The lines to retype are the one with "Burberry Horseferry Check Cardholder" and all that follow it to the end of the entries below; copy them exactly and nothing else.

**Stored records:**
------
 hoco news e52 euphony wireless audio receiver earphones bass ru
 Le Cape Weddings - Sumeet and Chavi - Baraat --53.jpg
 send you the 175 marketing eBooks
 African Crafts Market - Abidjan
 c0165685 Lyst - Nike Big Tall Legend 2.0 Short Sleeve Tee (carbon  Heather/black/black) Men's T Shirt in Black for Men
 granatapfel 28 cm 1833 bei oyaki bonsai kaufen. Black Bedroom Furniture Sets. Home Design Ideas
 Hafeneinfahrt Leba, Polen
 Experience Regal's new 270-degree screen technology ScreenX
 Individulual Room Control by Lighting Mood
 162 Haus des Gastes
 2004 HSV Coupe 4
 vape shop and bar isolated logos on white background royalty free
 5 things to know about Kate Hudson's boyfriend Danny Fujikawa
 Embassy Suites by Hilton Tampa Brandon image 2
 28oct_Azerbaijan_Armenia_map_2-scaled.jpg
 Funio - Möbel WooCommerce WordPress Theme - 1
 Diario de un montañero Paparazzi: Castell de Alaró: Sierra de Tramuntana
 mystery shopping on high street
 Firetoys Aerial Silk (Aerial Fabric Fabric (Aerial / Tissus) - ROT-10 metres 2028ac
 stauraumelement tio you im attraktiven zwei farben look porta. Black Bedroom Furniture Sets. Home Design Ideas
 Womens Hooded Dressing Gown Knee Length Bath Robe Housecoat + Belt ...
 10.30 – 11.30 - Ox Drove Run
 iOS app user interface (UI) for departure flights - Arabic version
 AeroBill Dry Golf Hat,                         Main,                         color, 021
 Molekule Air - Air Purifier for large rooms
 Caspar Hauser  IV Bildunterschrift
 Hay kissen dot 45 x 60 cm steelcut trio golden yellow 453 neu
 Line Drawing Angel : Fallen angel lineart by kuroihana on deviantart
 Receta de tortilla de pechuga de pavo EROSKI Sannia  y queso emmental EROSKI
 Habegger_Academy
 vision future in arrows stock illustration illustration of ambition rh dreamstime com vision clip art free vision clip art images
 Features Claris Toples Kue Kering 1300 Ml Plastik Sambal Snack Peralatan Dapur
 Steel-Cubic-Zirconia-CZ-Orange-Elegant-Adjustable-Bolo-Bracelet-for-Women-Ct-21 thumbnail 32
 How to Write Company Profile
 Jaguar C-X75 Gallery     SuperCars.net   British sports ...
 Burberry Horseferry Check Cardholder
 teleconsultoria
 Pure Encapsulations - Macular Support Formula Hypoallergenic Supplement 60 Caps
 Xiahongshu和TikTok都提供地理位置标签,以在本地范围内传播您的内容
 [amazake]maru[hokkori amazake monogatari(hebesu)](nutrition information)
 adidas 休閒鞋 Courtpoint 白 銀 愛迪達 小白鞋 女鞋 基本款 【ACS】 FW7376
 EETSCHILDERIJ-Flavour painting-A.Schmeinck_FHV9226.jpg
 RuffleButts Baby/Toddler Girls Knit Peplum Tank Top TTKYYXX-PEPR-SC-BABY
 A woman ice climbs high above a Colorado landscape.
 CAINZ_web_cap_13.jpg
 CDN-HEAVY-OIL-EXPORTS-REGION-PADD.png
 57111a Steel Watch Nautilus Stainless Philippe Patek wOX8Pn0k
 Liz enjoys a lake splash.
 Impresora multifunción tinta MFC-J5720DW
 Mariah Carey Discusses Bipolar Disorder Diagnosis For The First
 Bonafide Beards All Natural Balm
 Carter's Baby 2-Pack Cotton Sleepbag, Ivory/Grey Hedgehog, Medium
------
**COMPLETED EXERCISE:**
 Burberry Horseferry Check Cardholder
 teleconsultoria
 Pure Encapsulations - Macular Support Formula Hypoallergenic Supplement 60 Caps
 Xiahongshu和TikTok都提供地理位置标签,以在本地范围内传播您的内容
 [amazake]maru[hokkori amazake monogatari(hebesu)](nutrition information)
 adidas 休閒鞋 Courtpoint 白 銀 愛迪達 小白鞋 女鞋 基本款 【ACS】 FW7376
 EETSCHILDERIJ-Flavour painting-A.Schmeinck_FHV9226.jpg
 RuffleButts Baby/Toddler Girls Knit Peplum Tank Top TTKYYXX-PEPR-SC-BABY
 A woman ice climbs high above a Colorado landscape.
 CAINZ_web_cap_13.jpg
 CDN-HEAVY-OIL-EXPORTS-REGION-PADD.png
 57111a Steel Watch Nautilus Stainless Philippe Patek wOX8Pn0k
 Liz enjoys a lake splash.
 Impresora multifunción tinta MFC-J5720DW
 Mariah Carey Discusses Bipolar Disorder Diagnosis For The First
 Bonafide Beards All Natural Balm
 Carter's Baby 2-Pack Cotton Sleepbag, Ivory/Grey Hedgehog, Medium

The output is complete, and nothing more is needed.